====== DATASET EXTRACT
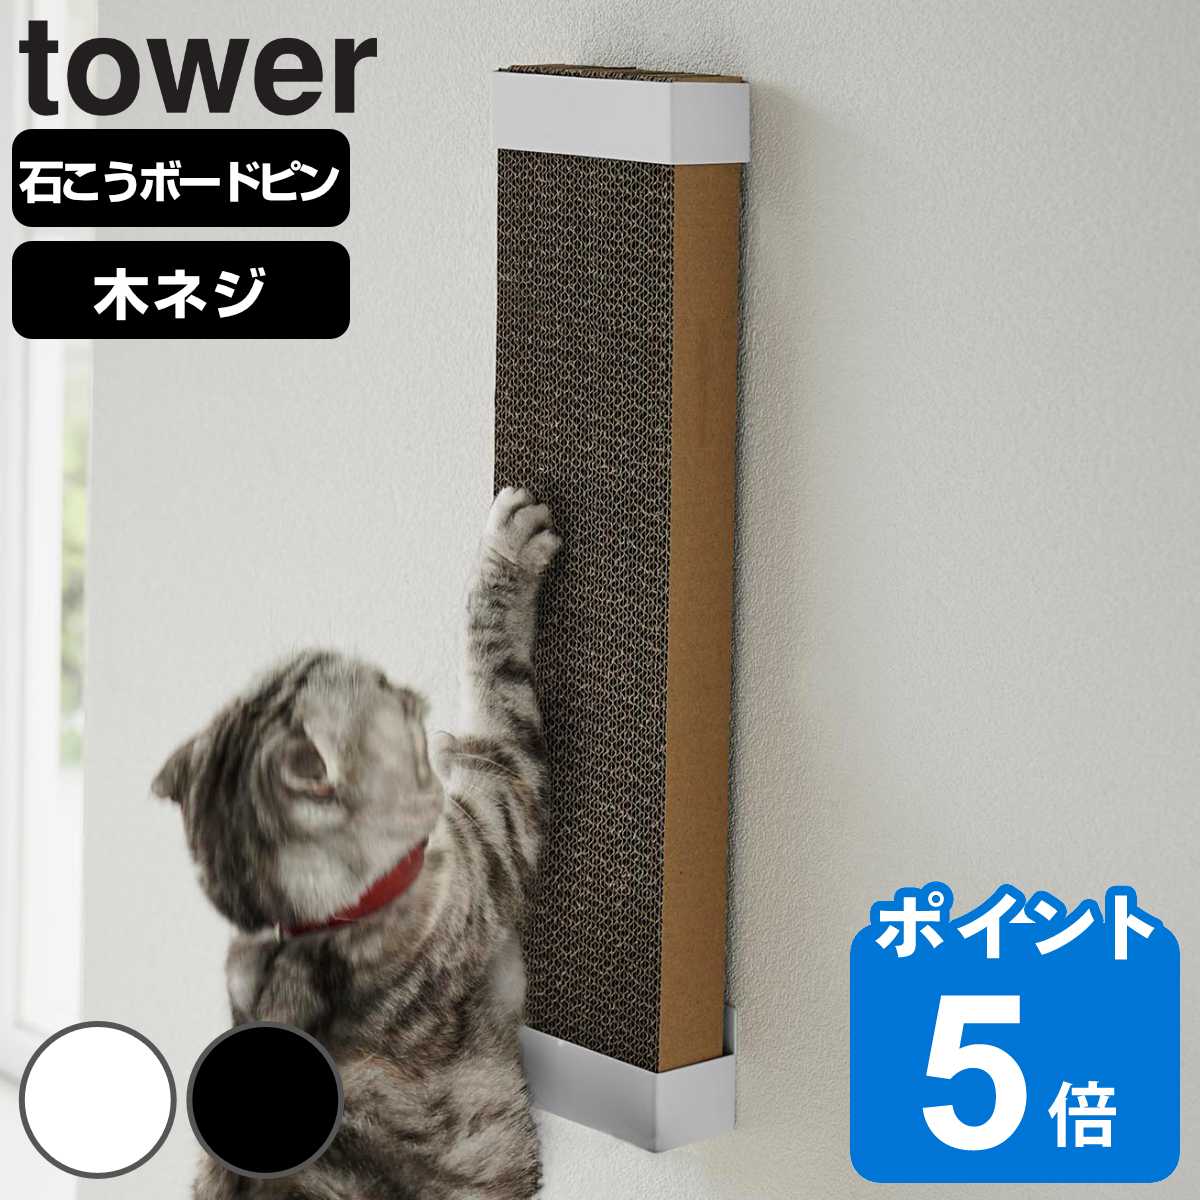 山崎実業 tower 石こうボード壁対応ウォール猫用爪とぎホルダー タワー
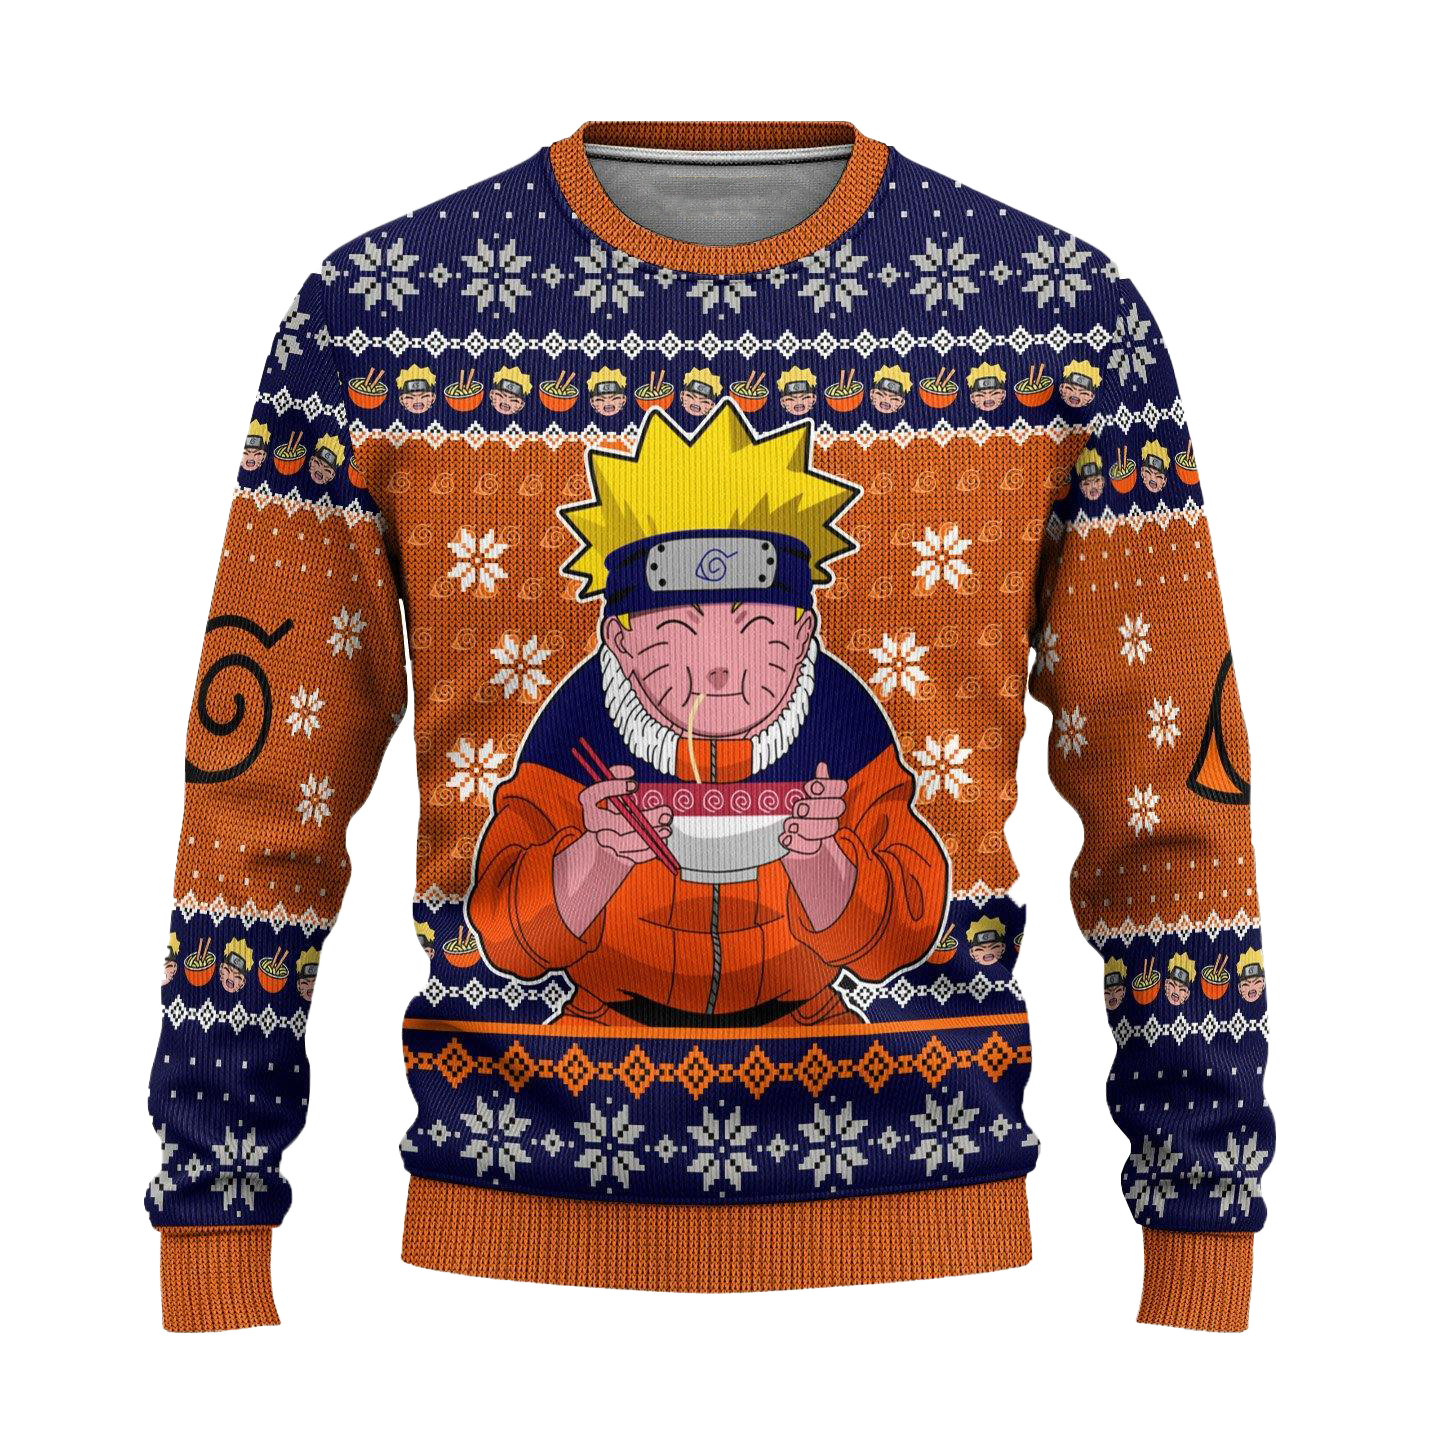 Naruto Ramen Anime Ugly Christmas Sweater Xmas Gift
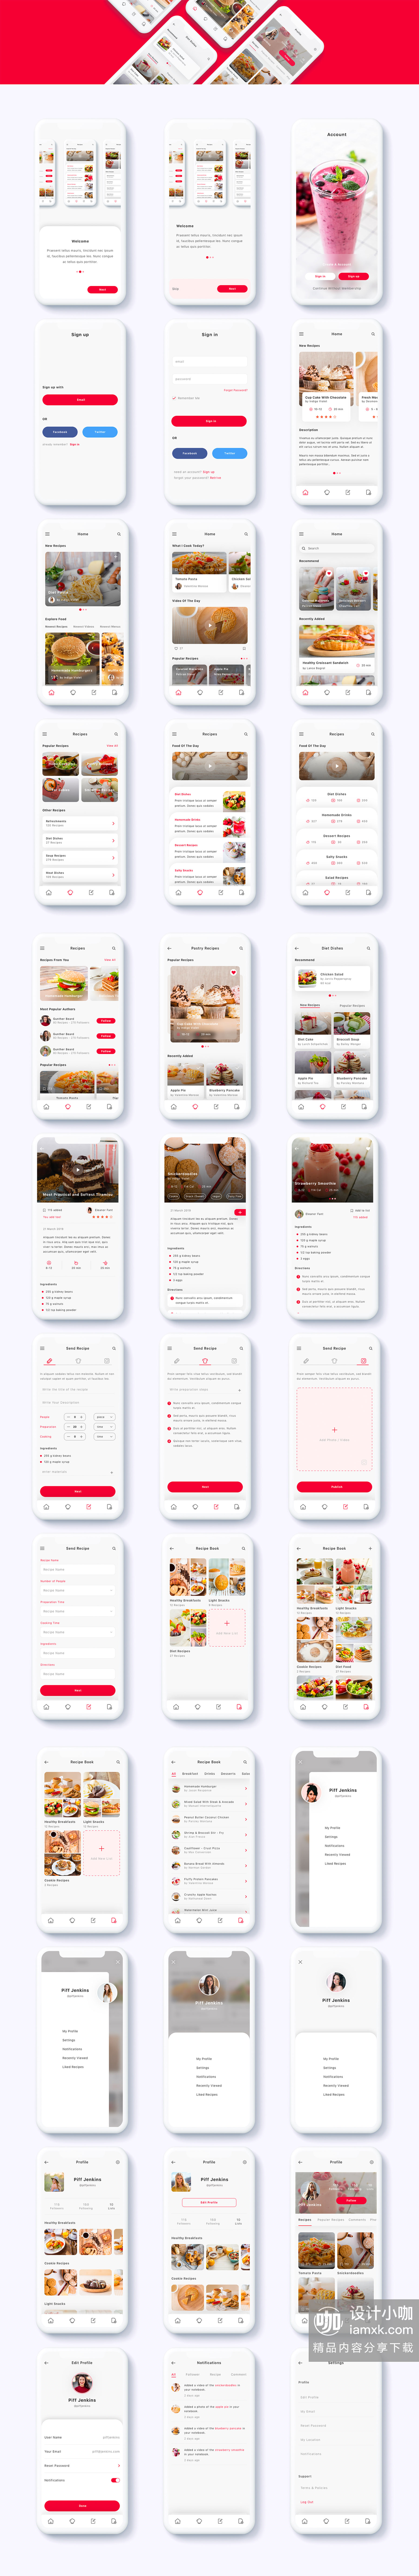 蚂蚁素材下午茶：美食社交订餐点餐类APP UI KIT套装模板下载 app设计app界面设计Sketch素材Sketch模板 [Sketch,XD]插图(5)
============
### YOUR OBJECTIVE
Only the text of the listing above should be copied, exactly and with pictures left out.

### EXERCISE RESPONSE
 山崎実業 tower 石こうボード壁対応ウォール猫用爪とぎホルダー タワー
 Naruto Ramen Anime Ugly Christmas Sweater Xmas Gift
 蚂蚁素材下午茶：美食社交订餐点餐类APP UI KIT套装模板下载 app设计app界面设计Sketch素材Sketch模板 [Sketch,XD]插图(5)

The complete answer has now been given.